Rechtsextreme greifen Gegenprotestierende in Essen-Kray an – vier Verletzte
Sergio KarzRechtsextreme greifen Gegenprotestierende in Essen-Kray an – vier Verletzte
Gewalttat nach rechtsextremer Kundgebung in Essen-Kray
Am Freitagabend kam es in Essen-Kray zu einem gewaltsamen Zwischenfall im Anschluss an eine rechtsextreme Versammlung. Nach Ermittlungen der Polizei stiegen ehemalige Teilnehmer in einen Bus und griffen Gegenprotestierende an, als diese sich bereits auf dem Rückweg befanden. Bei der Auseinandersetzung wurden vier Personen leicht verletzt.
In der Nacht fanden in dem Gebiet mehrere Zusammenkünfte statt. Als die rechtsextreme Kundgebung endete, kam es in der Nähe eines Busses zu Handgreiflichkeiten zwischen den Teilnehmern und Gegenprotestierenden. Die Angreifer flüchteten anschließend nach der Attacke aus dem Fahrzeug.
Die Polizei griff schnell ein, um eine weitere Eskalation zu verhindern. Die Beamten identifizierten 19 Tatverdächtige, darunter 16 Männer und 3 Frauen im Alter zwischen 13 und 45 Jahren.
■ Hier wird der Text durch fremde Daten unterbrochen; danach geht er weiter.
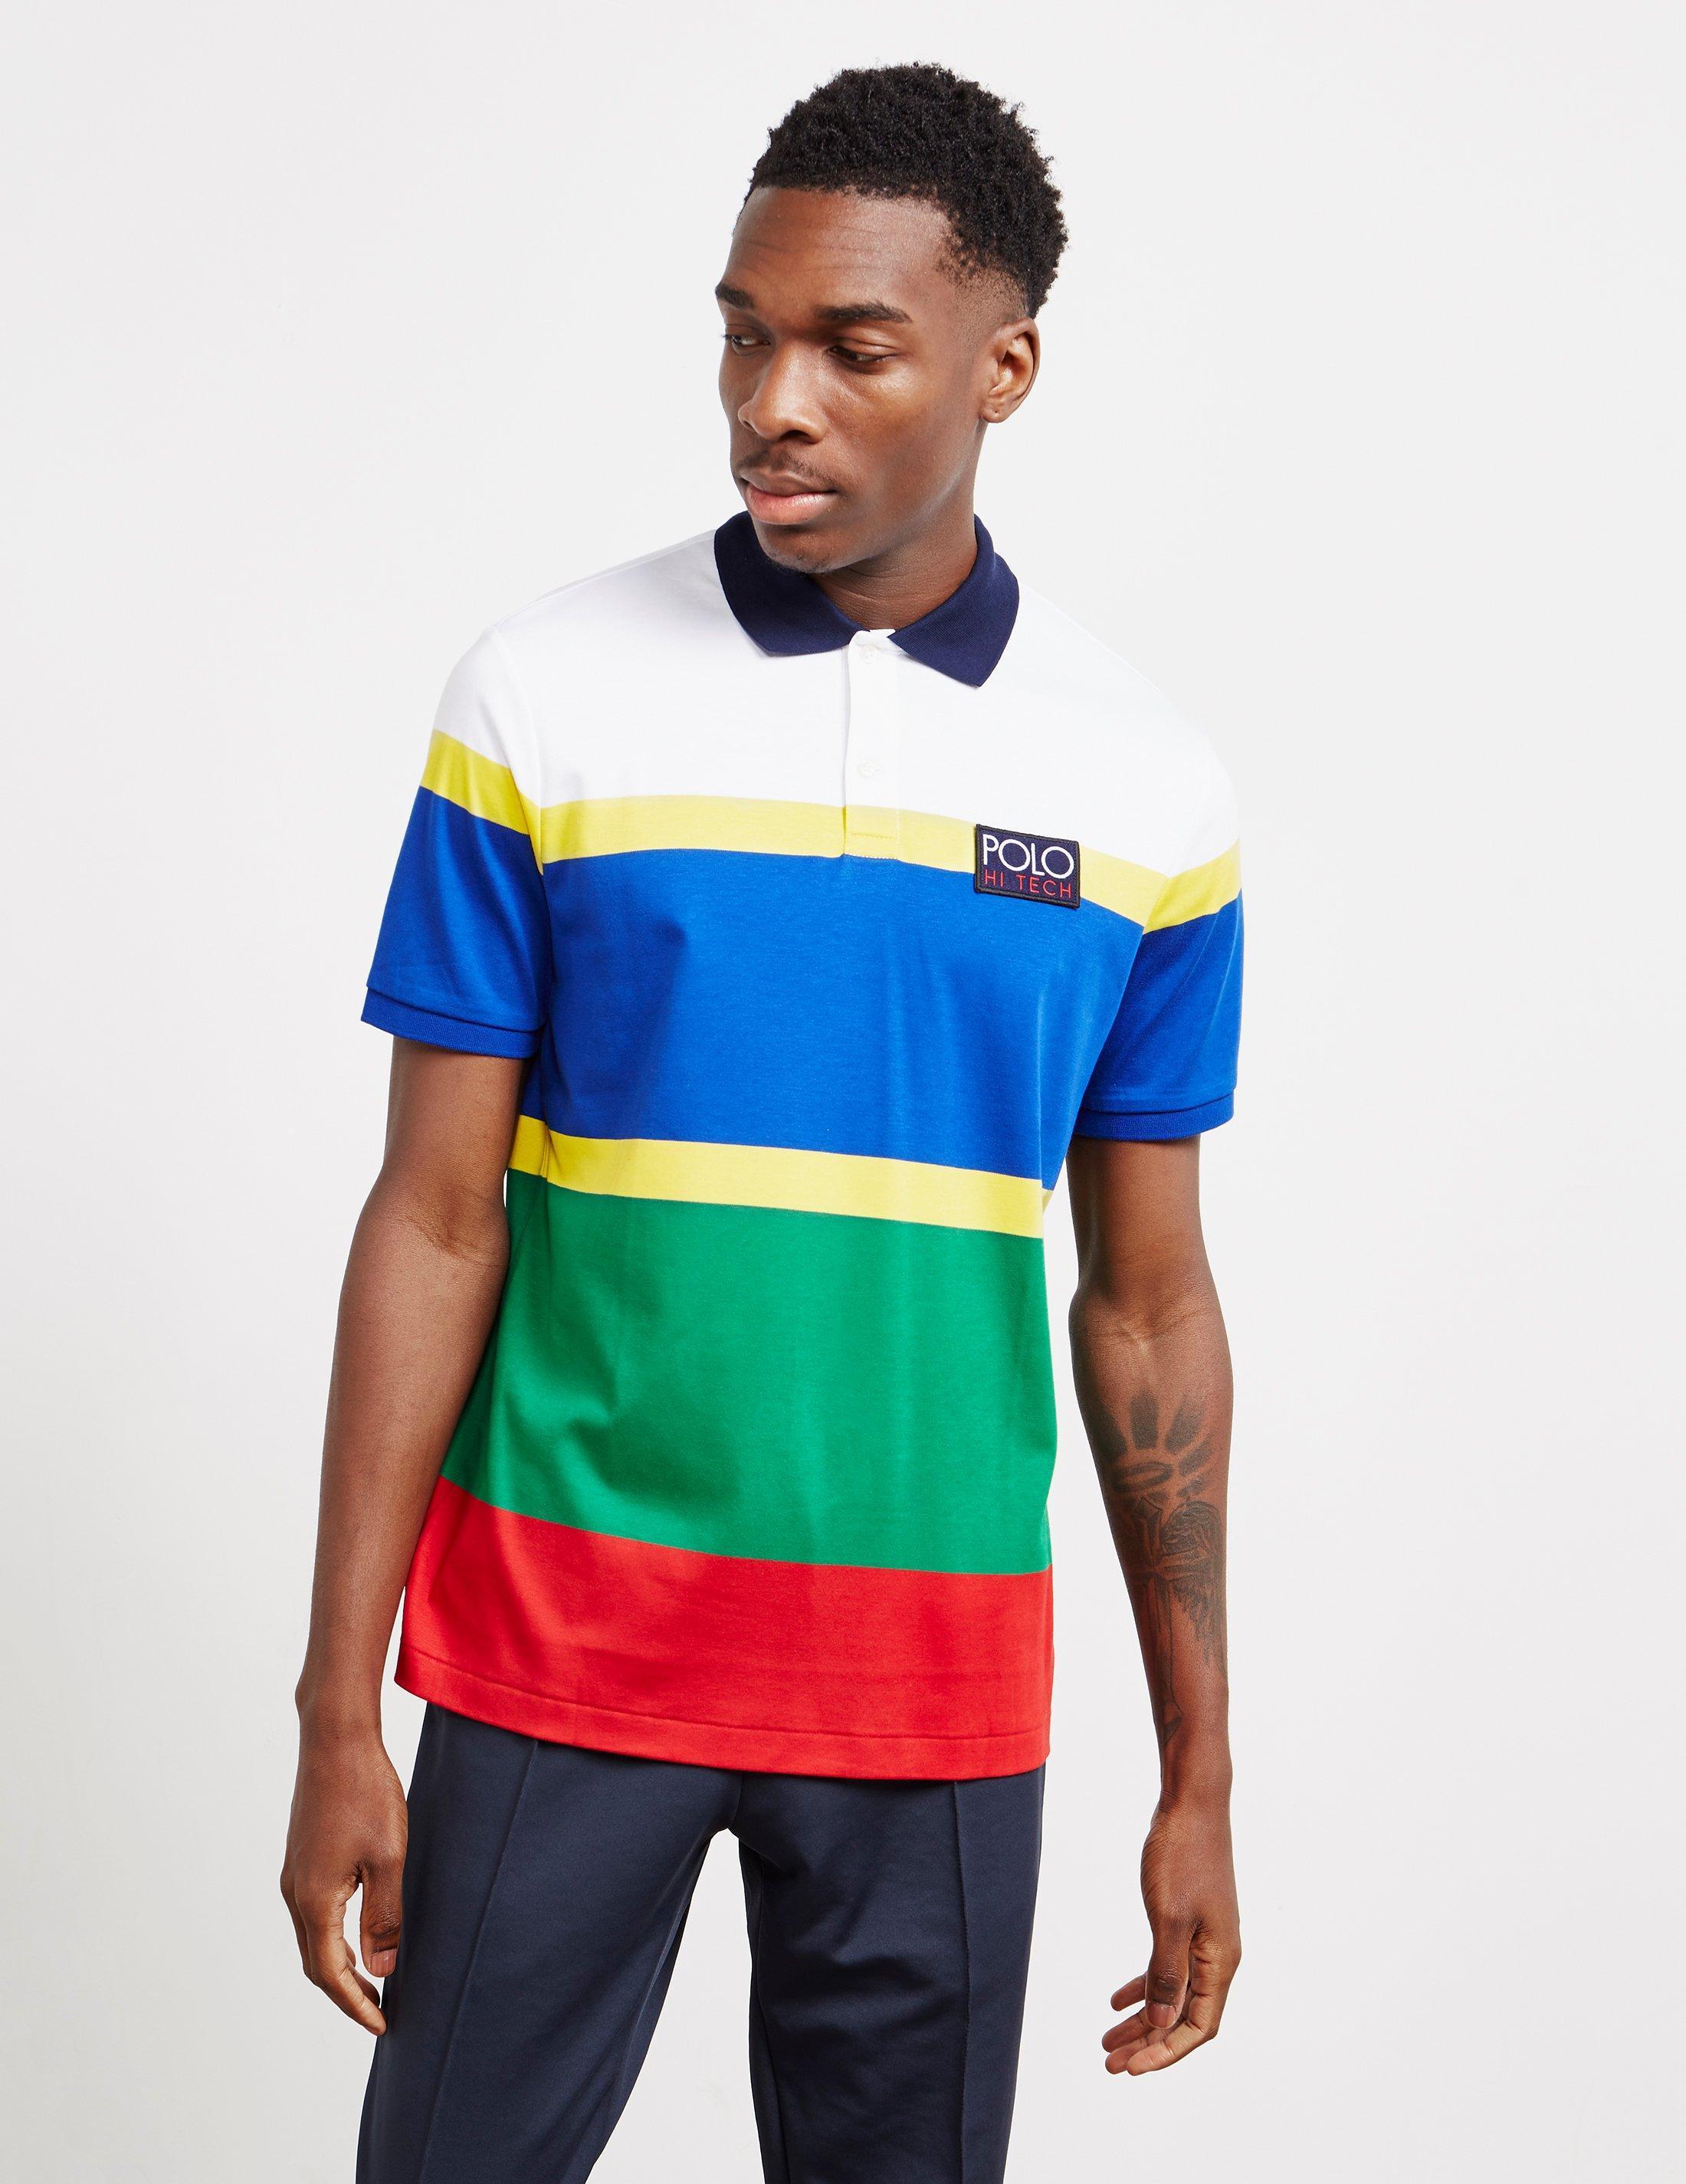 529cd7af73f89 Lyst - Polo Ralph Lauren Hi Tech Short Sleeve Polo Shirt White in ...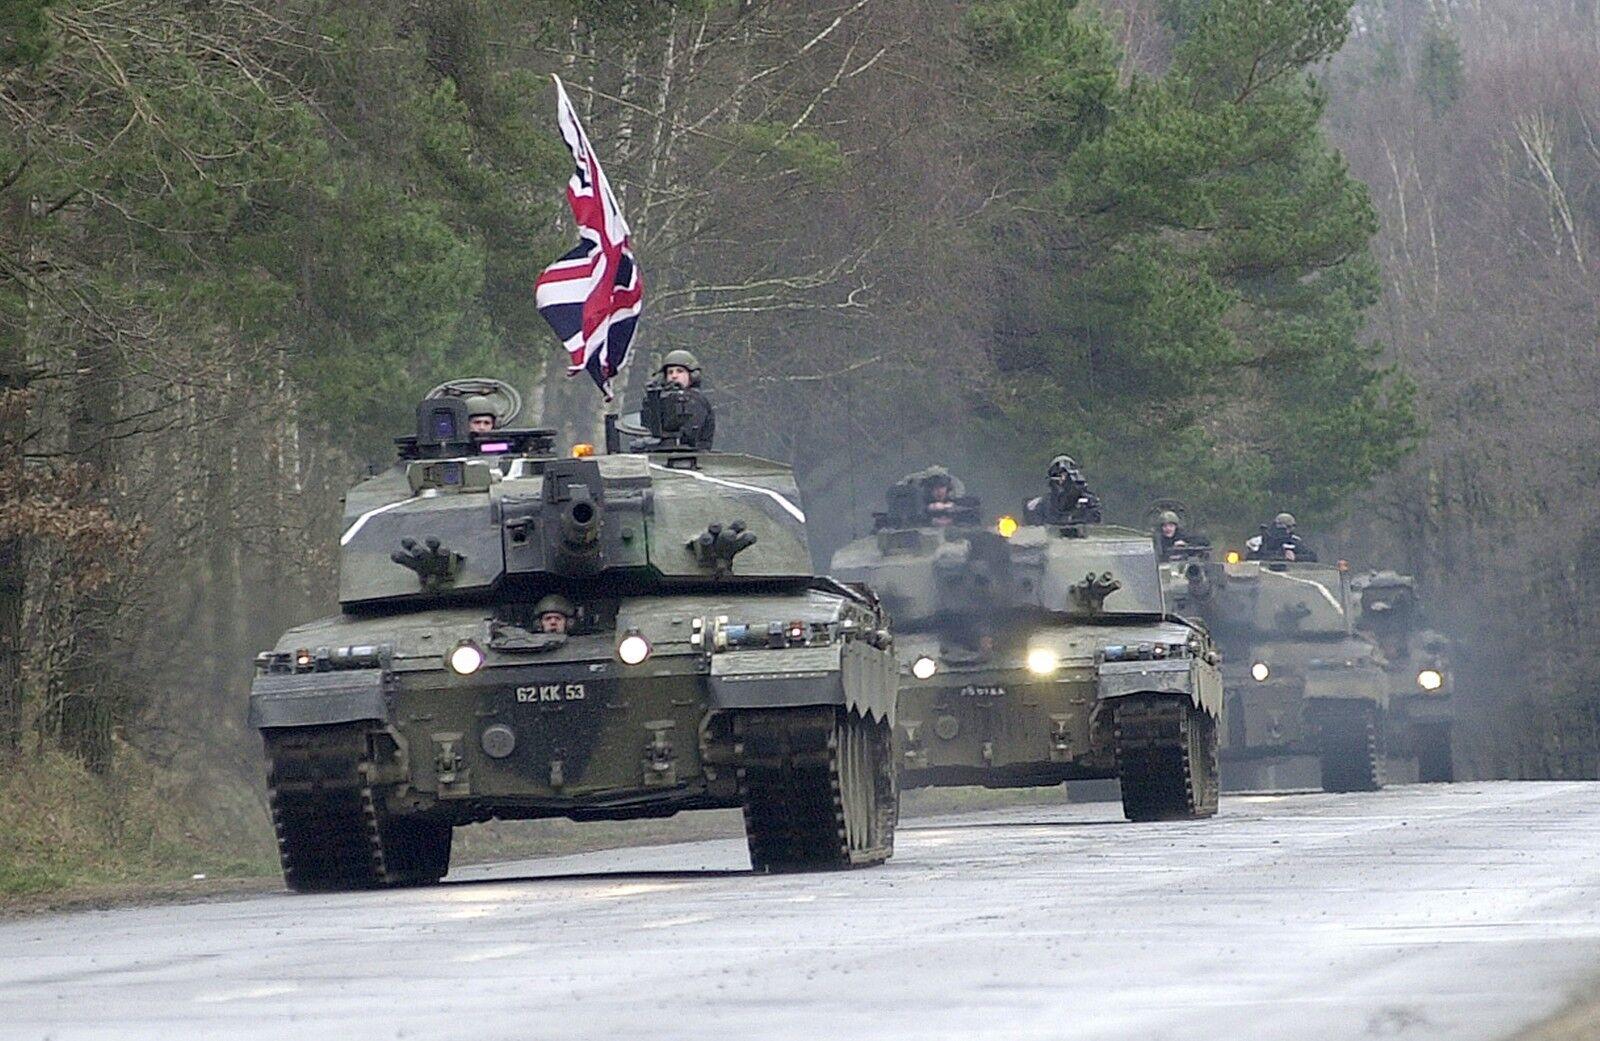 2nd Royal Tank Regiment CHALLENGER 2.     Military Photo Print

Sieben von ihnen waren minderjährig. Polizepräsident Andreas Stüve betonte später, dass Rechtsextremisten in der Stadt keinen Platz hätten und die Behörden entschlossen und zügig gehandelt hätten.
Für weitere Informationen steht die Pressestelle der Polizei Essen/Mülheim an der Ruhr für Anfragen zur Verfügung. Die Ermittlungen dauern an, alle 19 Verdächtigen sind inzwischen bekannt. Die Polizei bestätigte, dass sie eine Verschärfung der Lage verhindern konnte. Vier Menschen erlitten bei dem Angriff leichte Verletzungen.